More recently, Cipriani's office insisted that it was the Vatican, not the Lima archdiocese, which was responsible for getting to the bottom of the problems within Sodalicio.
The Vatican did open an investigation in April 2015, yet the cleric appointed to head it admits he didn't get very far.
'We have had no ties to or contact with him since he left the institution many years ago'
In an interview in his Lima office, Pablo Urcey, the Bishop of Chota, in the northern Peruvian Andes, said that he had met nearly 100 current and former members of Sodalicio, and had prepared a brief 30-page report for the Vatican.
But although many witnesses alleged psychological abuse, the only evidence of pedophilia Urcey said he had uncovered was through two separate written statements from people he never met.
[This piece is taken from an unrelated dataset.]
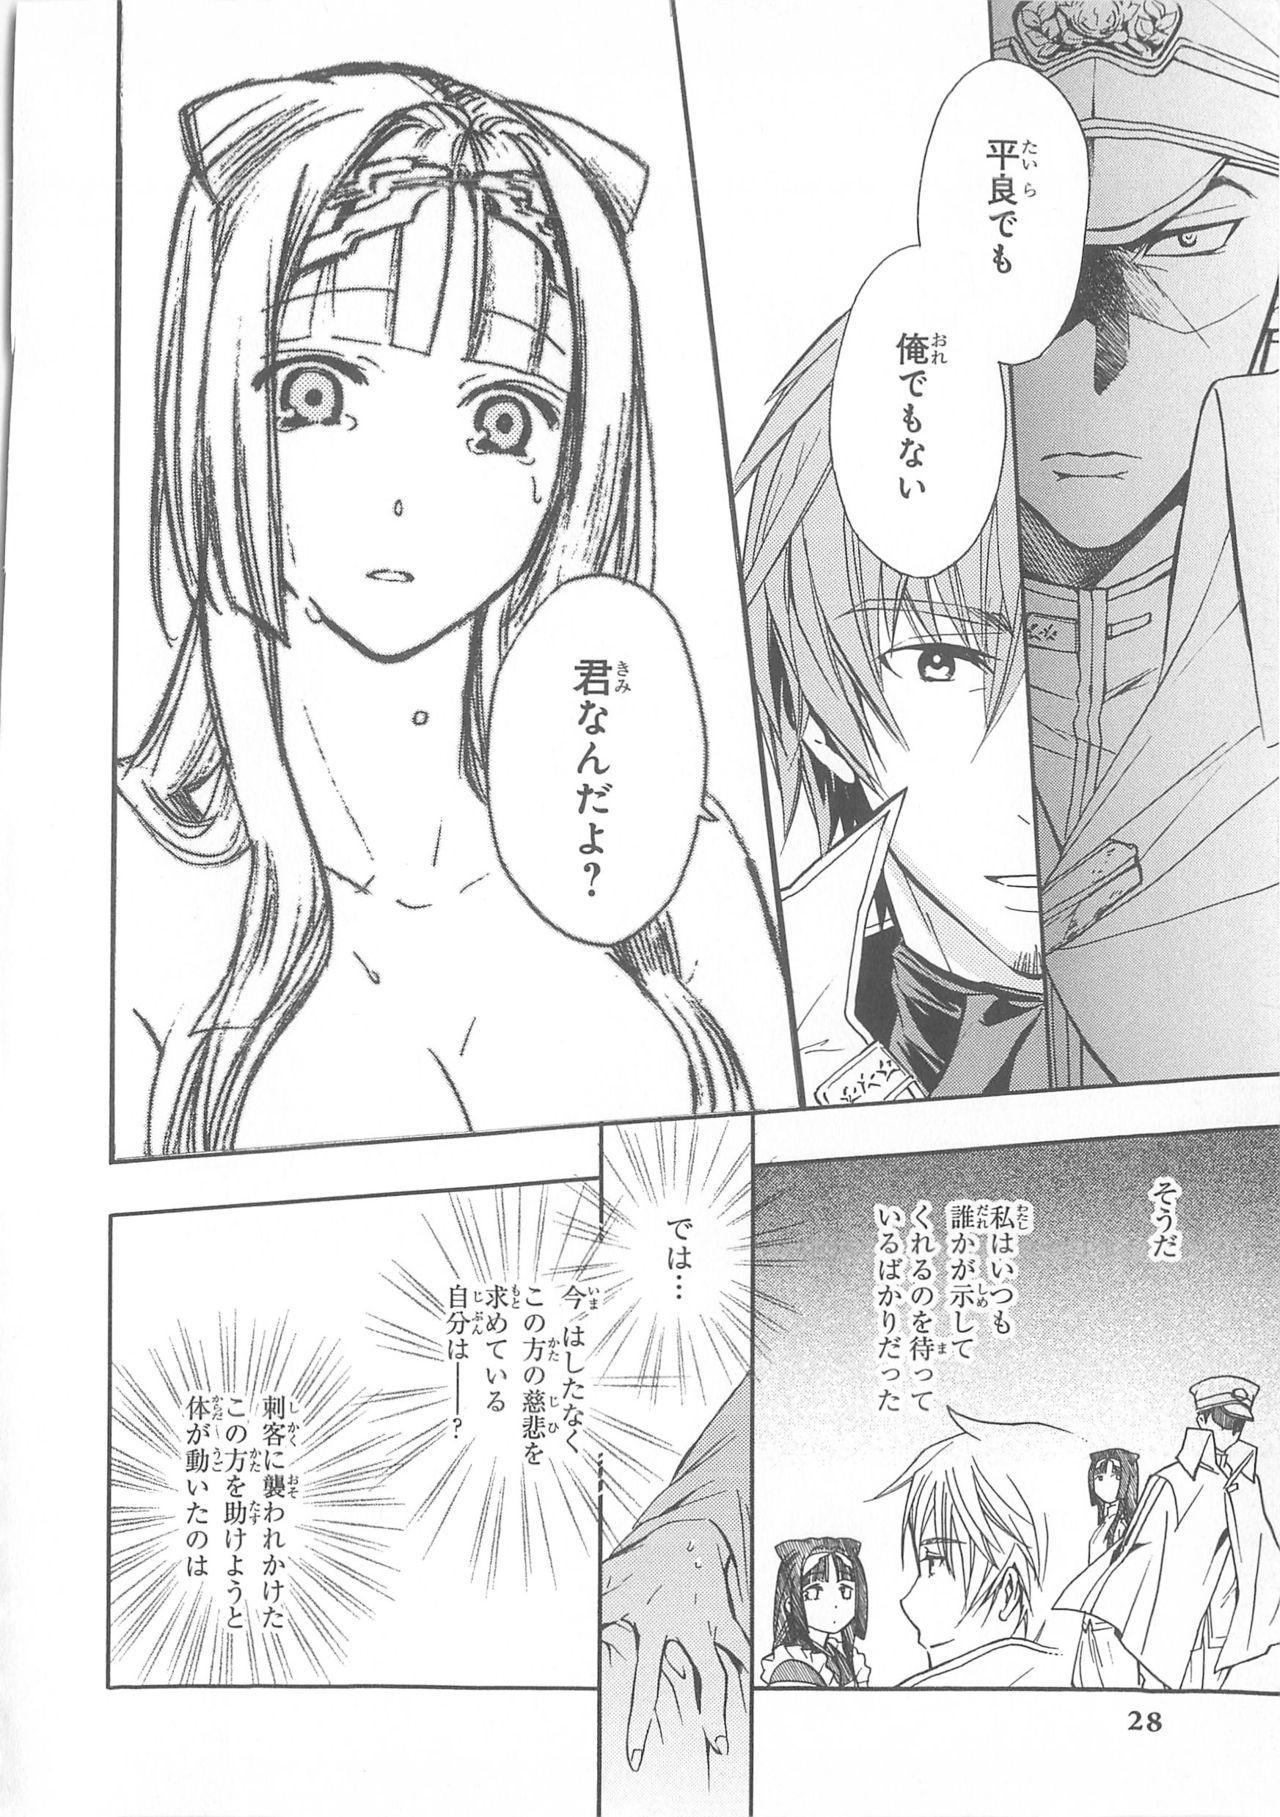 Daiteikoku comic Anthology vol.2 28

He also said that he had not read Half Monks, Half Soldiers because he had been "too busy" with his other duties, including as General Secretary of Peru's Episcopal Conference.
"We have been focused on how he [Figari] exercised his authority as founder," Urcey, said that this could have helped cover up "deviation" within the group. "The testimony alleges that he was authoritarian, despotic, bossy, and elitist."
Urcey added that he believed Sodalicio wanted to get to the bottom of the scandal and saw his role as one of helping them do this.
Urbina, who now runs his own bicycle business in Cologne, Germany, says his priority is to stop other children and adolescents suffering similar trauma.
Though he is keen to stress he is proud of the man that he has become, he also recalls how he was expelled from school while he was being abused, and adds that the experience affects his sex life and requires him to still see a psychiatrist.
"It took me a long time to realize how this has affected me, and shaped me psychologically," he says. "This guy was supposed to be my spiritual guide. He was supposed to help me to grow up, to become a better person and deal with my personal problems. He wasn't supposed to fuck me."
VICE News was unable to contact his alleged abuser, who now lives in Illinois, despite repeated calls to his landline.
"I've also felt guilty, not because of what happened but because I didn't speak out earlier," Urbina adds. "That is why I am talking now. If I can stop just one more kid being abused, I will be happy."